━━━━━ Data extracts ━━━━━

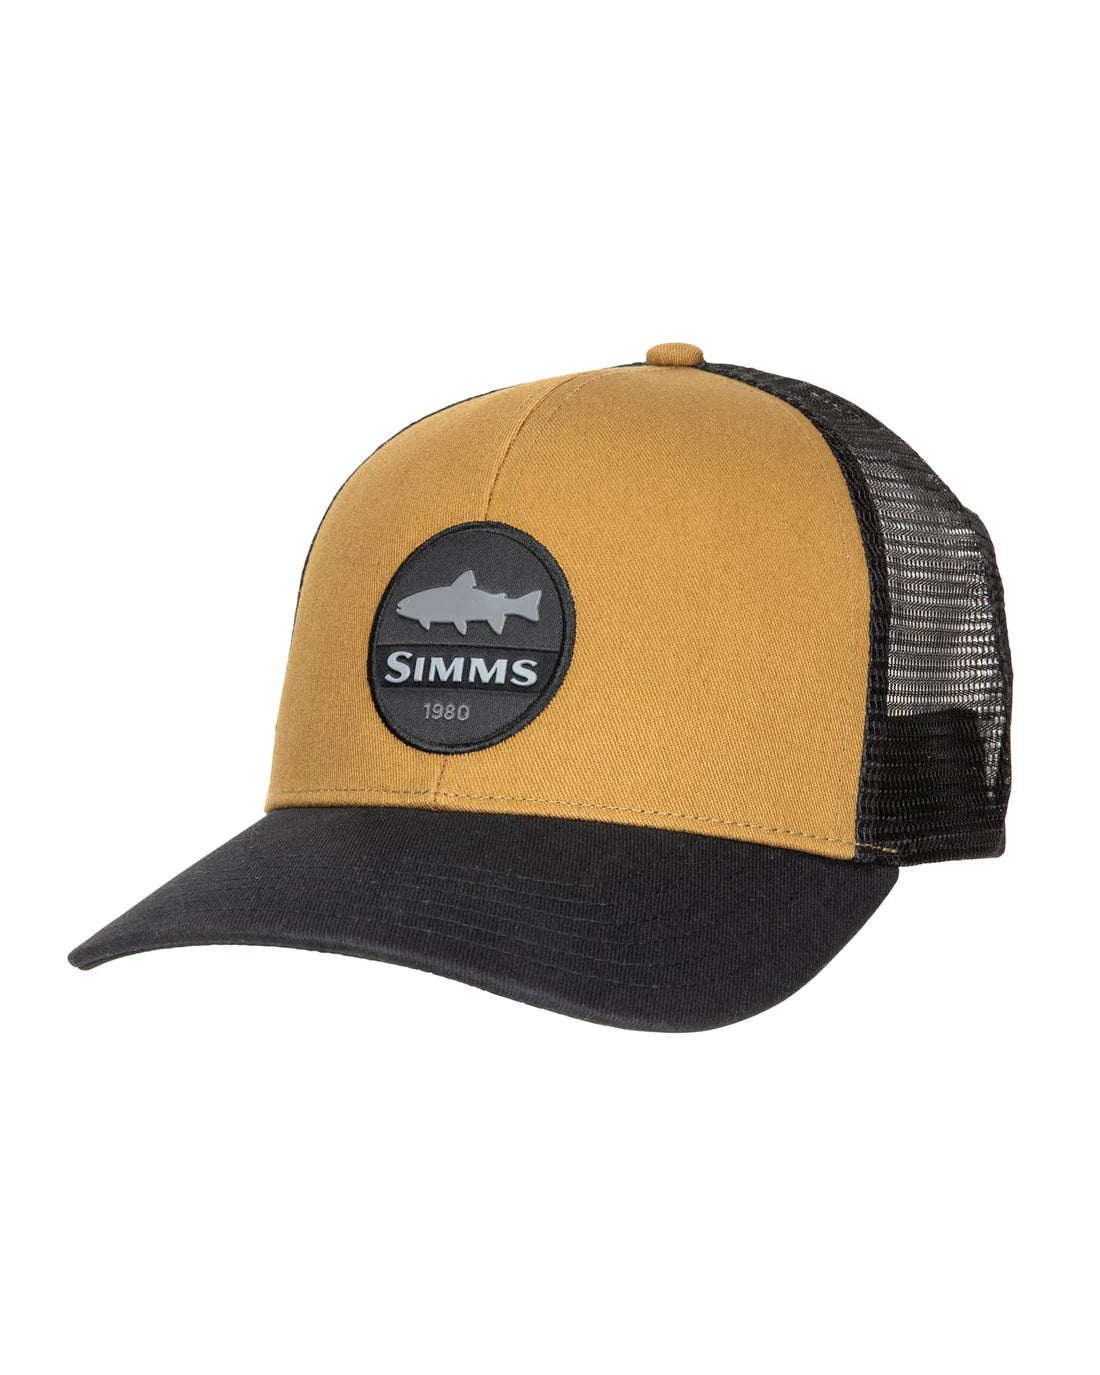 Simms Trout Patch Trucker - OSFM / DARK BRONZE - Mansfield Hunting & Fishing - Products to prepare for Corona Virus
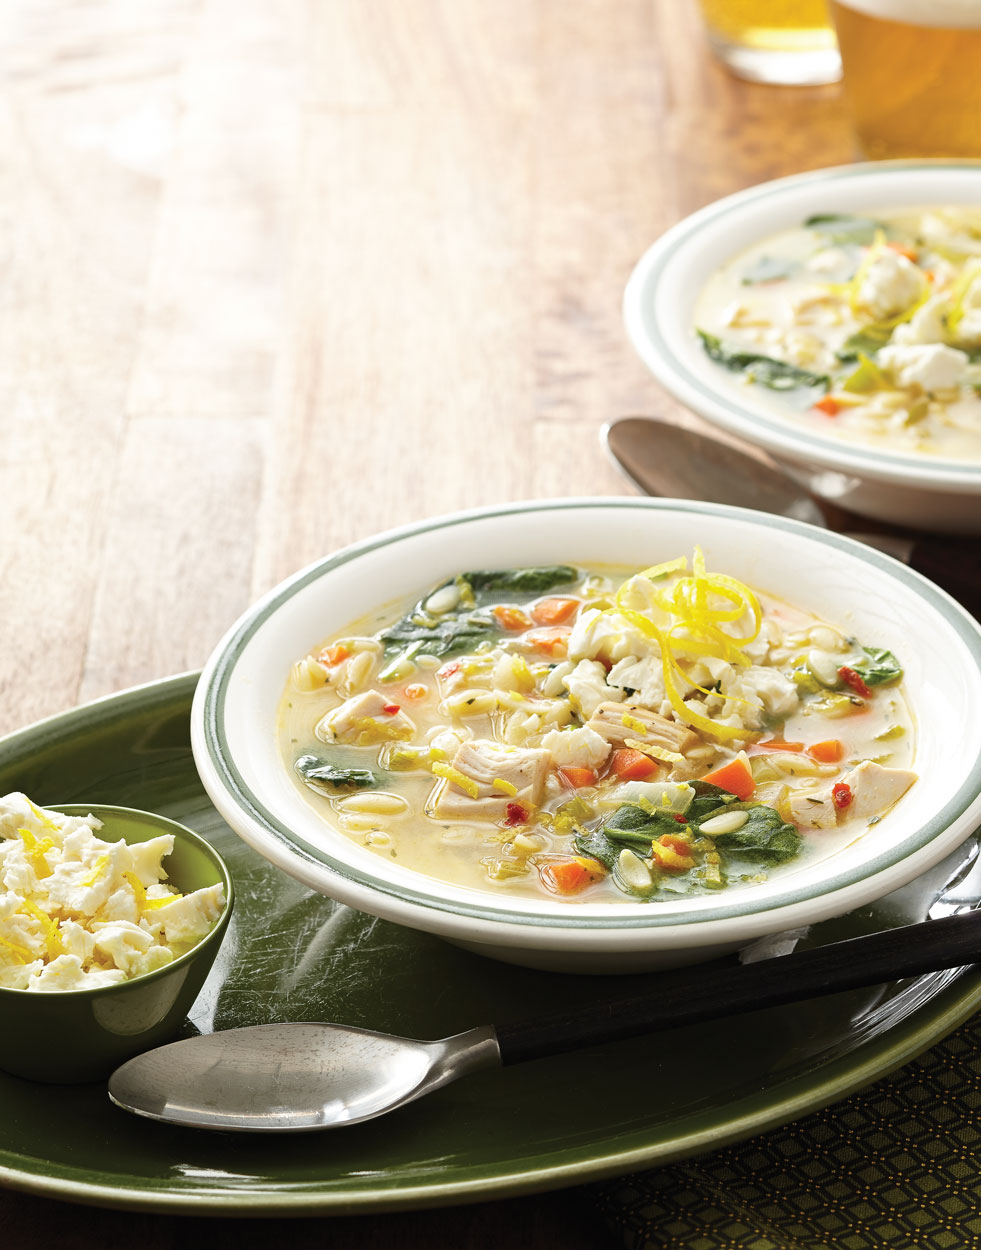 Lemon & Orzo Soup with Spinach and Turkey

━━━━━
━━━━━ Data extracts ━━━━━

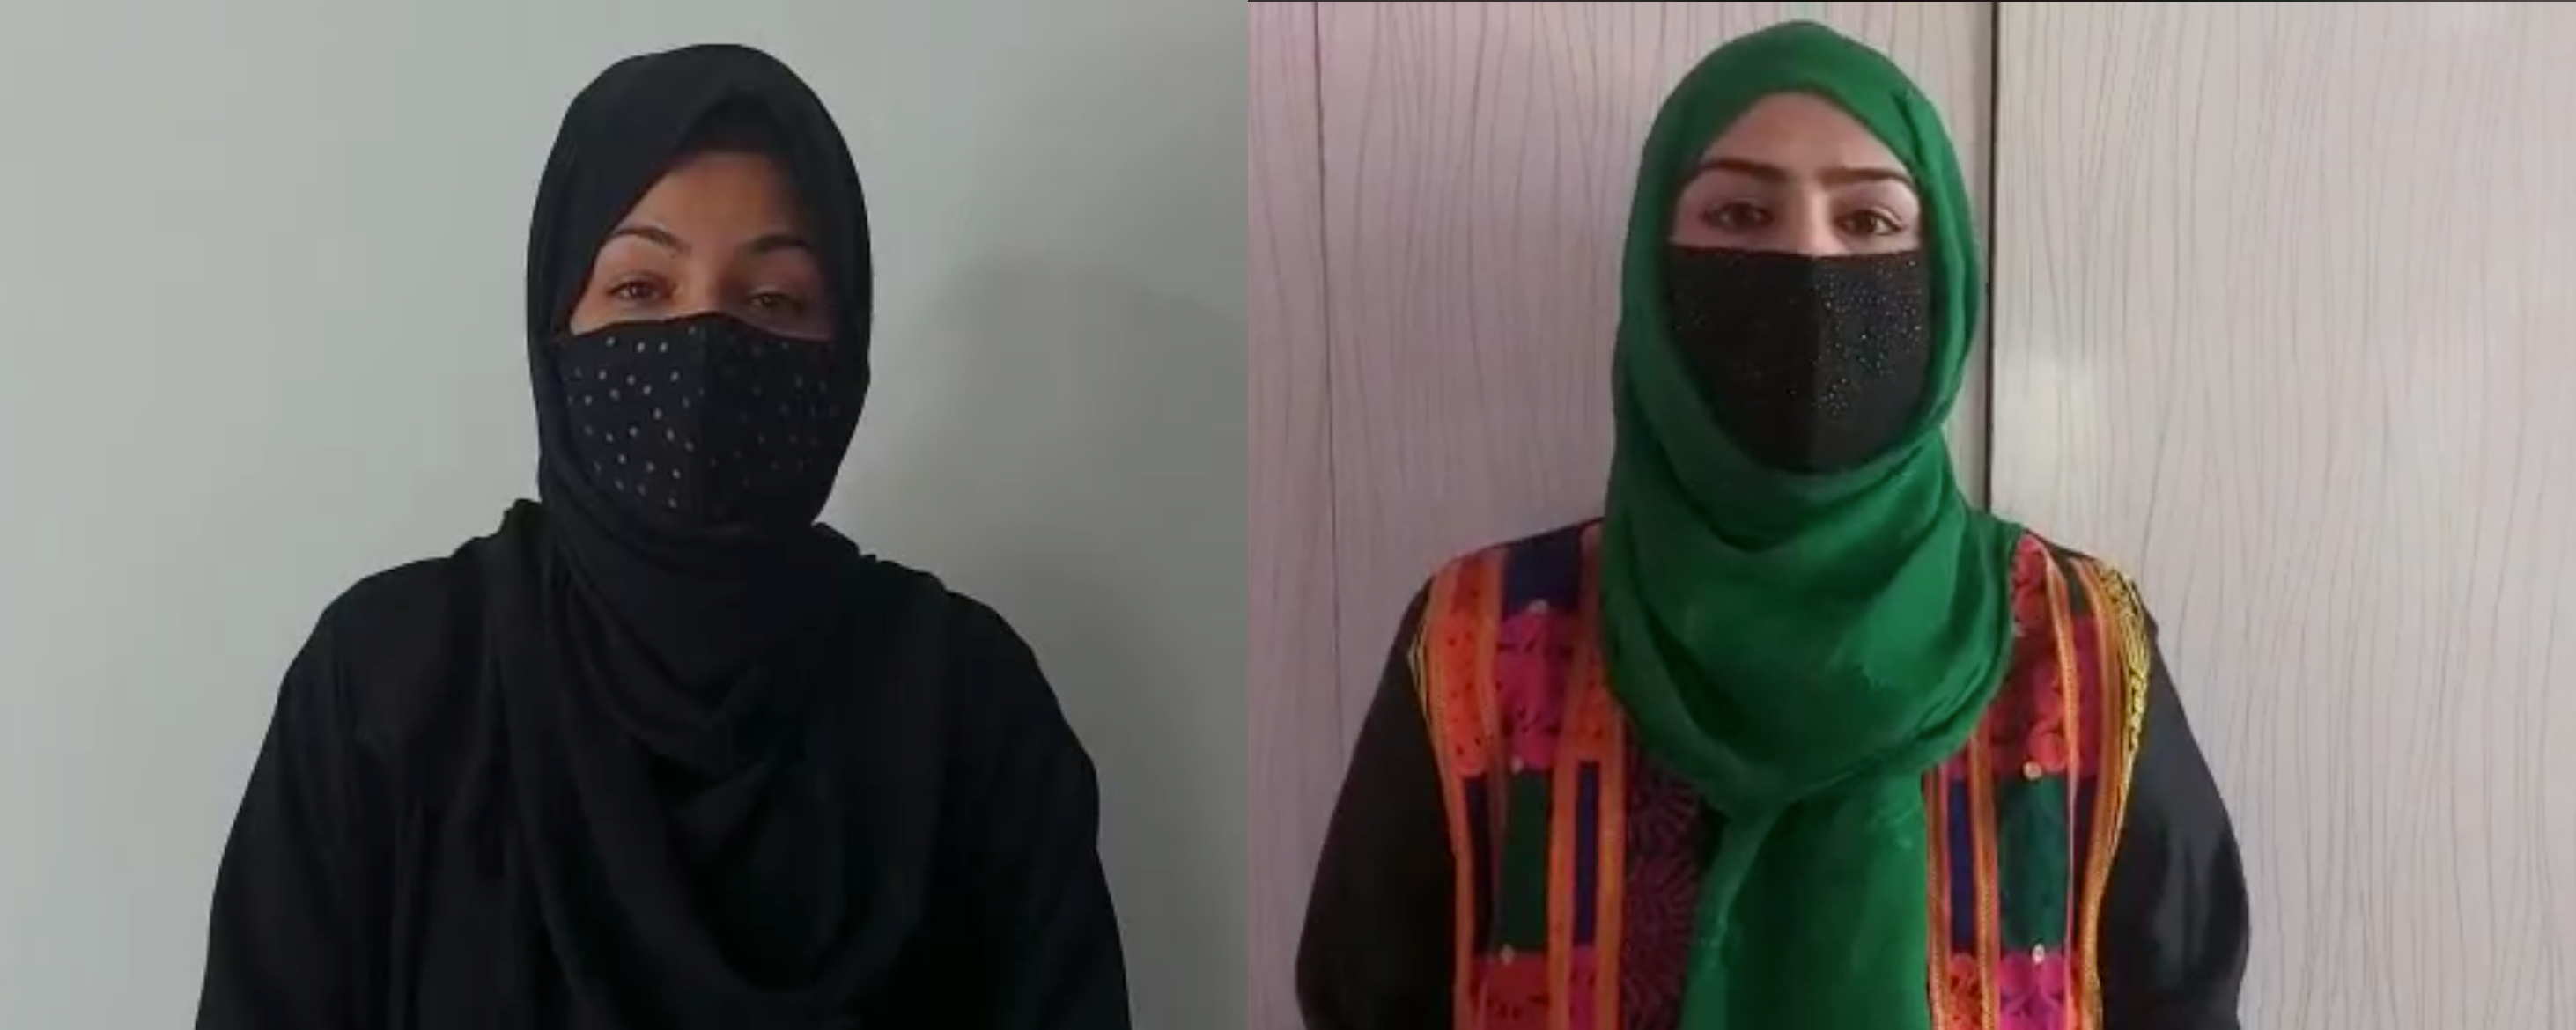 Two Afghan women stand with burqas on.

━━━━━

(What is expected):
Between and including the line above that contains "Simms Trout Patch" and the line that contains "Lemon & Orzo Soup with Spinach and Turkey", restate every line word for word. Pictures stay out.

(Written answer):
 Simms Trout Patch Trucker - OSFM / DARK BRONZE - Mansfield Hunting & Fishing - Products to prepare for Corona Virus
 Lemon & Orzo Soup with Spinach and Turkey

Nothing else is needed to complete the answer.